La defensa del modelo, sin embargo, exhibió una falta total de empatía con la economía de bolsillo. Luis “Toto” Caputo y Milei hablaron de un “problema entre privados” para referirse a la morosidad de las familias. “¿Les pusieron una pistola en la cabeza para tomar el crédito?”, ahondó el Presidente. Después, se vanaglorió de la caída del salario real de los empleados públicos.
Milei ubicó la causa de la morosidad en la responsabilidad individual del deudor. Una encuesta reciente de Zentrix sobre los morosos mostró lo contrario: el 53% de los encuestados atribuyó su endeudamiento a que sus ingresos no alcanzan para cubrir sus gastos básicos.

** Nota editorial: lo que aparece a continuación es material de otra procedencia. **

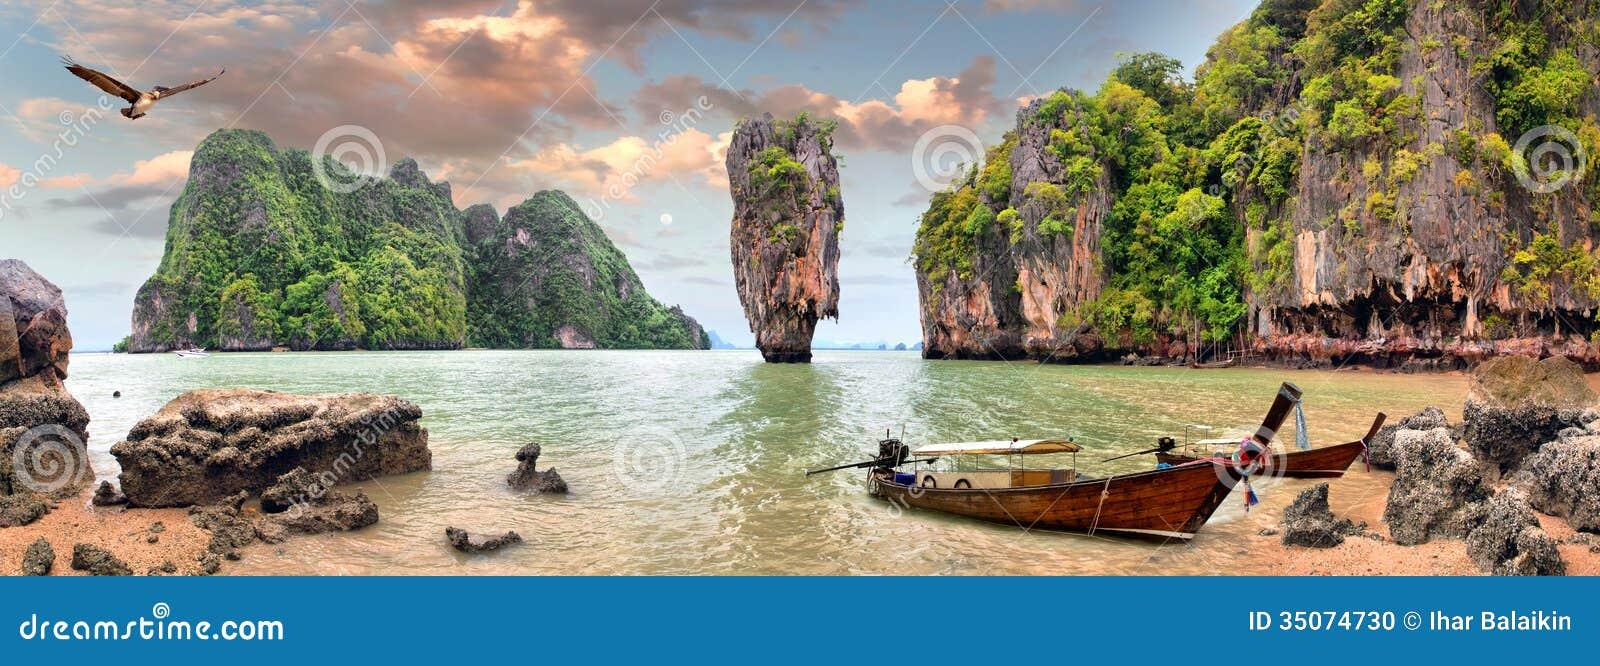 Download James Bond Island stock photo. Image of remote, finger - 35074730

Está claro que cualquier intervención del Estado para mejorar el poder adquisitivo sería un sacrilegio para la escuela austriaca. Pero, aun cuando no tiene costo fiscal, el Presidente evita mostrarse sensible con el esfuerzo que hizo la gente.
“Milei dejó en claro que nunca va a decir algo por conveniencia. Aún a riesgo de perder las elecciones el año que viene”, dijo un importante funcionario de Balcarce 50. “Él es mayonesa. El que quiera mayoliva o kétchup votará a otro”, ilustró.
Un colaborador que trabajó en la campaña de 2025 recordó: “Él escucha recomendaciones discursivas cuando estamos en campaña. En su momento trabajó la idea de no insultar. Ahora está poco predispuesto a forzar la empatía. No le podemos pedir peras al olmo”.
En medio de una semana crítica, el único que festejó públicamente su gestión fue el ministro de Justicia, Juan Bautista Mahiques, que ya mandó más de 200 pliegos al Senado para completar las vacantes en la Justicia. Milei, que alguna vez dijo que “de derecho no entendía nada”, se está empapando más sobre lo judicial. En sus últimas entrevistas, reconoció que está estudiando nombres para la Corte Suprema. Pero aseguró que recién avanzará cuando estén ordenadas las vacantes de los tribunales inferiores.
No es precisamente Mahiques quien motiva al Presidente a avanzar con la Corte. El plan del ministro para este mandato es otro: quiere quedar como el abrepuertas de la familia judicial para posicionarse como candidato a Procurador General, el jefe de los fiscales. “Pase lo que pase en 2027, el que puso el gancho para esos nuevos jueces fue Milei. Si gana la elección presidencial, podrá avanzar con la Corte. Si pierde y queda con causas abiertas, esos jueces no se olvidarán quién posibilitó su ascenso”, dijo un operador judicial muy al tanto de los movimientos del equipo judicial.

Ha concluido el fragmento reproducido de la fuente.